Carter, in July of 2006, was diagnosed with Juvenile Diabetes more commonly known as Type 1. His pancreas no longer produces beta cells needed to make insulin for his body to regulate his blood sugar. Due to type 1, Carter cannot live without artificial insulin. He wears an insulin pump 24 hours a day, checks his blood sugar 6-10 times a day, and has several shots a week to bring his blood sugar into “normal” ranges. Even though Carter has checked his blood sugar over 2920 times the past 8 years, he still struggles to detect when his blood sugar is “low” or “high”. When Carter goes low, he can have seizures and lose consciousness and when he is running “high”, he has a horrible headache, vomits, and feels extremely ill. If he is high for too long, there is damage to his body and he can go into diabetic ketosis (coma). As Carter grows low blood sugars at night can become very scary because he doesn’t recognize then while he is asleep. We have had a few terrifying nights with Carter’s blood sugar reaching down into the high teens. We are excited about Carter having a service dog. Dogs are incredibly sensitive to smells and can recognize drops and spikes in blood sugar before humans are aware.

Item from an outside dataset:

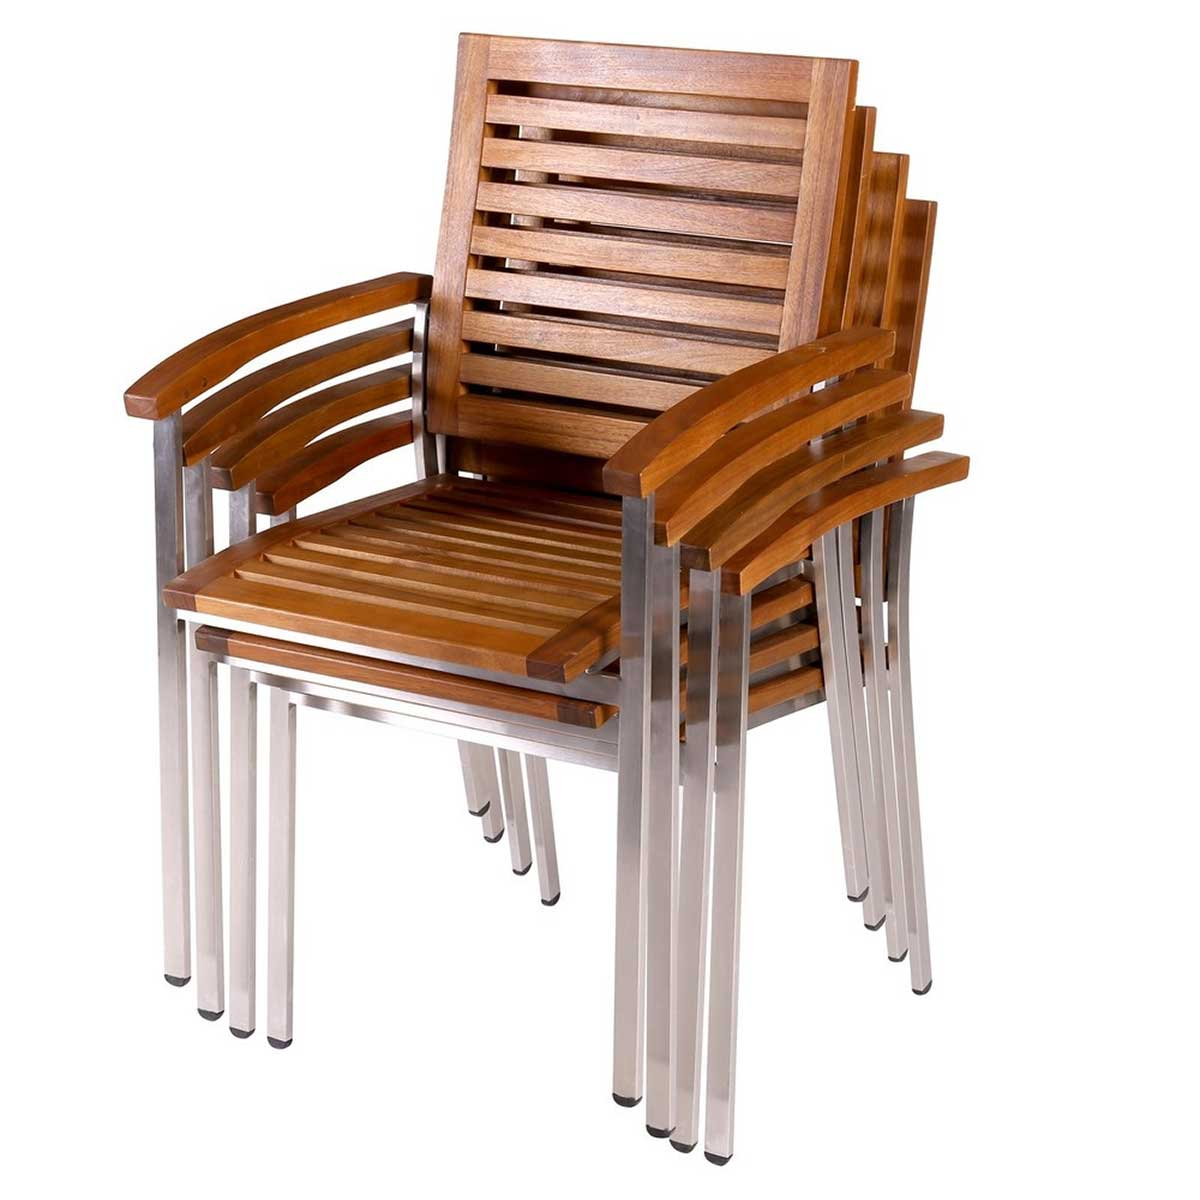 Lot de 4 fauteuils à bras en acacia - Naturel - 57.40 cm x 57.00 cm x 88.00 cm

Thank you Glad Wags and Autumn Rigsbee!!!
So I shouldn’t be amazed, but I am. Carter and I went to Tulsa to work with the dog training to be his service dog. Over the past several week…s we’ve been supplying the trainer with some of Carter’s smelly things as well as qtip swabs of his mouth recorded at various blood sugar levels. Once fully trained, the dog will be his 24/7 companion and notify him or others when his glucose levels are out of range. Last night, Carter checked his blood sugar at the beginning of class and it was normal (within range) at 116.
They worked hard together on commands, distractions and then they were just playing. The dog out of the blue kept going after Carters wrist and licking it. At first we thought it was just being playful. However the dog grew more persistent and it dawned on us that the dog was trying to alert Carter. Carter quickly checked his blood sugar and it was 76 and dropping. I was completely amazed as was the trainer.
Those are activities they didn’t expect to see him display for several more weeks or longer. I immediately had tons of respect and confidence in Carter’s new companion. BTW the dog is a beautiful Golden Retriever / Australian Shepard mix with long deep red hair. We needed to come up with a unique name to register him as a service dog. The trainer had been calling him Teddy and he reminds one of a Teddy Graham snack. So with Carter’s love for soccer he went for Teddy Graham Zusi.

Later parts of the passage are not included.